Born in Nanjing on 7 January, 1935, to parents of some influence, Li was almost bound to be destined for some kind of greatness. The only question was to exactly the nature of his calling.

While Li’s mother was a pianist of quite some note, his father had earned himself the the nickname, “China’s Mahatma Gandhi”. As a pioneer in cultural exchanges between China and Europe in the 1930s, Li Linsi helped Jews to evade persecution as World War II unfolded, so that they may settle in Shanghai.

But first, the younger Li need get an education. Choosing the unusual major of economic geology, Li was sufficiently distracted to excel at sport.

Ultimately becoming table tennis champion of China’s Ministry of Foreign Affairs, Li used his time at Nanjing University to rise to sporting province. A regular in the Nanjing municipal teams for both football and basketball, Li also went on to be basketball coach for the aforementioned Ministry.

Sport aside, many of his contemporaries labeled Li as a future leader and one of the brightest stars shining in Nanjing University.

Exceptions are often made for people of such potential. For Li’s talents had caught the attention of the Ministry, which went to great lengths as to reserve him a position prior to his graduation. Hence Li was able to say he was one of the rare few to be retained by the Ministry without being either a member of the Communist Party or the Communist Youth League.

But Li was to really make his mark when the United Nations sat down in 1973 to attempt to ratify some kind of code for an updated version of the concept that was “freedoms of the seas”, which dated from over 200 years prior.

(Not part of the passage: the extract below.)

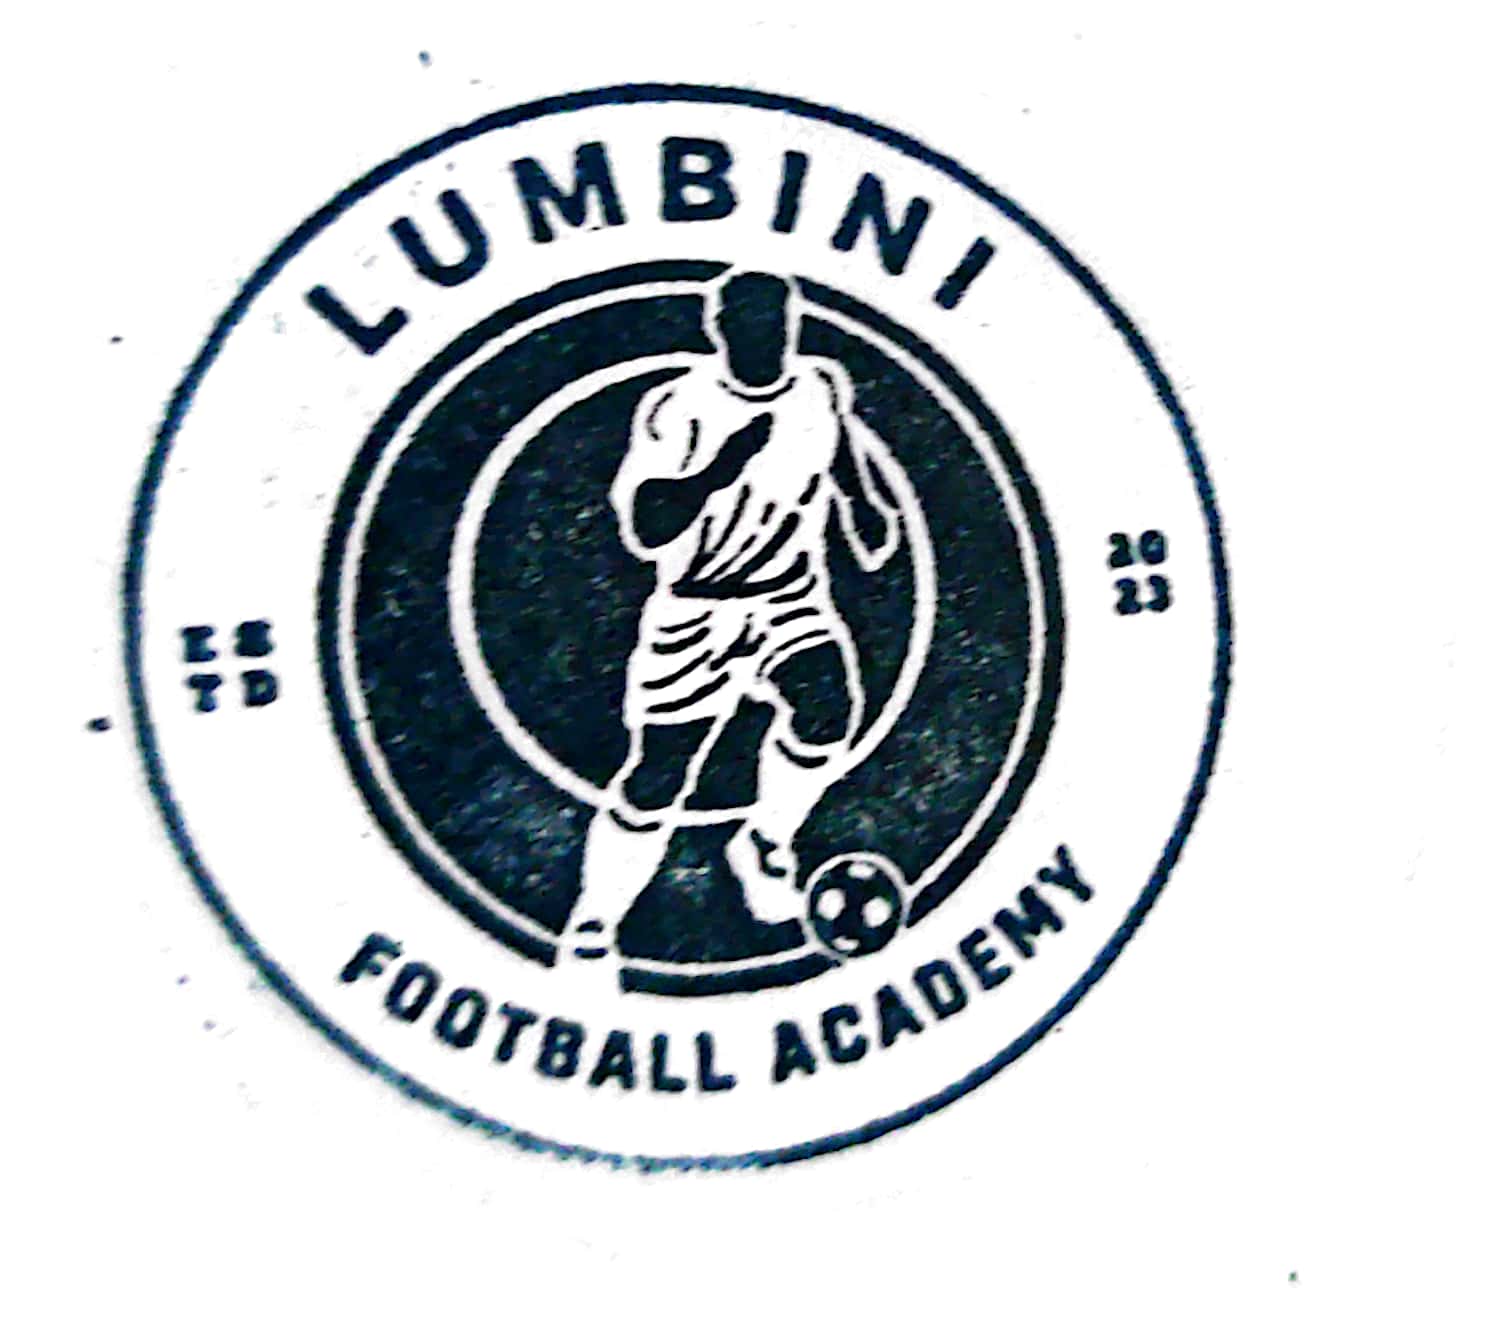 Lumbini Football Academy

Over nigh-on the following 10 years, Li put forward China’s position as a major player in the talks to confirm what would become the United Nations Convention on the Law of the Sea. 

With China back in the UN since 1971, Li was a key player in the negotiations which were to lay down today’s international maritime law. With the law’s influence on global politics, economics and security difficult to overstate, Li’s legacy was secured when he was received twice by Premier, Zhou Enlai, in recognition of his efforts.

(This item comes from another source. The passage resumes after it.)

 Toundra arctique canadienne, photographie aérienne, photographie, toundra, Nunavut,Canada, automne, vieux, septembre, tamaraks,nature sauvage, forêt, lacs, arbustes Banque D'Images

Li’s influence in international circles was present in other diplomatic exchanges through the 1970s, particularly China’s ping pong diplomacy and the historic visit to China by then US President, Richard Nixon, in 1972.

Over a 40 year career, his expertise in the field of border demarcation also saw Li involved in drawing the map of today’s China, through negotiations with India, Myanmar, North Korea and the former Soviet Union.

While Nanjing’s other notable maritime influence, Zheng He, may have put Nanjing on the map in terms of exploration, it was Li who gave the entire nation a voice at the table to agree worldwide standards for countries’ sea borders. 

After his death on 6 August, 2017, Li was named as a “pillar of the nation” by Chinese authorities.